Посидев еще какое-то время, наблюдая, как деревья покачиваются под ветром, который медленно, точно слепой, крался с потемневших холмов, Николо поднялся и с видом матроса, увидевшего морское чудовище, спросил:
– Что это?
– Ты о чем? – переспросил Алессандро в манере старого солдата, который никогда не забывает напряжения грядущей атаки.
– Там, наверху.
Алессандро поднял голову.
– Персеиды.
– Это что?
– Персеиды. Метеоритный дождь, который начинается в августе. Сегодня, наверное, первая ночь. В прошлую я их не видел, а мы находились высоко на гребне, где звезды видны лучше, чем где бы то ни было.
– Дайте мне ваши очки, – попросил Николо.
Надев их, посмотрел на небо, пристально и раздумчиво. И в посадке головы, гладкости лица, легкости движения Алессандро видел не себя в его возрасте, потому что слишком это было давно и почти забылось, но образ своего сына.
– Откуда они берутся? – спросил Николо. – Посмотрите! Их тысячи. Как горящий магний.
– Они летают по Солнечной системе, – объяснил ему Алессандро, – и в это время каждый год их траектория пересекается с траекторией движения Земли. Они прилетают со стороны созвездия Персея и, попав в атмосферу, вспыхивают и сгорают. Вспышки, которые ты видишь, их прощание с нами. На них можно смотреть всю ночь, представляя себе, что каждая крошечная вспышка – падающий вниз человек, и увиденные тобой потери не составят и нескольких дивизий.
– Они прекрасны, – выдохнул Николо. – Наверное, они такие горячие, а мы видим черточки холодного огня.

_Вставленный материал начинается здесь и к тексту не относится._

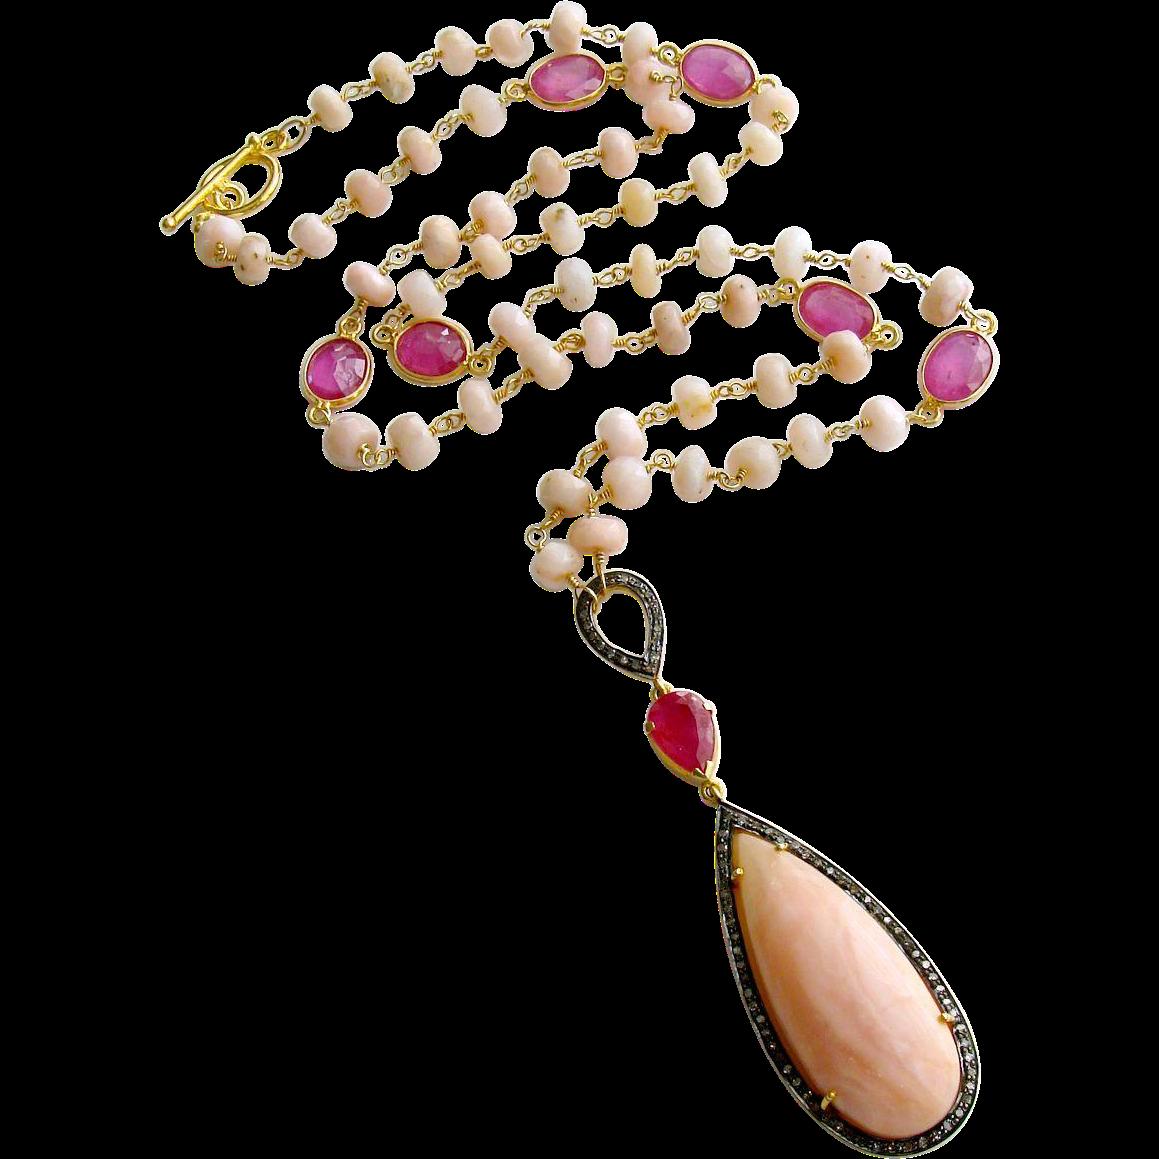 Peruvian Pink Opal Pink Sapphire Diamonds Necklace - Lisette Necklace

– Одна из категорий красоты, – Алессандро обращался не столько к Николо, сколько к невидимой аудитории своих коллег, – которой Аристотель и Кроче пренебрегали по необъяснимой причине, красота того, что исчезает. Как пристально, с каким интересом мы взираем на жизнь, у которой нет шанса возродиться.
– Куда они падают? – спросил Николо.
– По большей части они сгорают в воздухе, – ответил Алессандро, думая об ангелах, мчащихся в этом белом бескрайнем свете. – Из тех, что достигают поверхности, две трети падают в море, а оставшаяся треть рассеивается по лесам, степям и саваннам.
– Они падают на Италию?
– Наверняка падают. Вероятно, их можно увидеть в научных музеях.
– На города?
– Не знаю. А что? Ты встревожился? Думаешь, стоит носить каску?
– Нет. Просто хочется увидеть хоть один после того, как он упадет. Он же не может знать, что происходит, так? Летел в космосе миллиард лет, оставлял позади по миллиону километров каждый час, ни тебе воздуха, ни звука, ничего, кроме проплывающих мимо планет. А потом – бум! Он замирает на полу мясной лавки на Трастевере, и несколько старушек и кошка пятятся к стене и кричат, потому что он разбил мясной прилавок! Мне было бы действительно грустно после миллиарда лет полета обрести покой среди свиных отбивных, но очень хочется прикоснуться к нему, почувствовать, какой он после стольких лет пребывания в свободном пространстве. О, Мадонна! Надеюсь, он меня не укусит.
– Жди в мясной лавке, – предложил Алессандро.
– Не знаю. Лучше побыть на работе. Я уже скучаю по пропеллерам.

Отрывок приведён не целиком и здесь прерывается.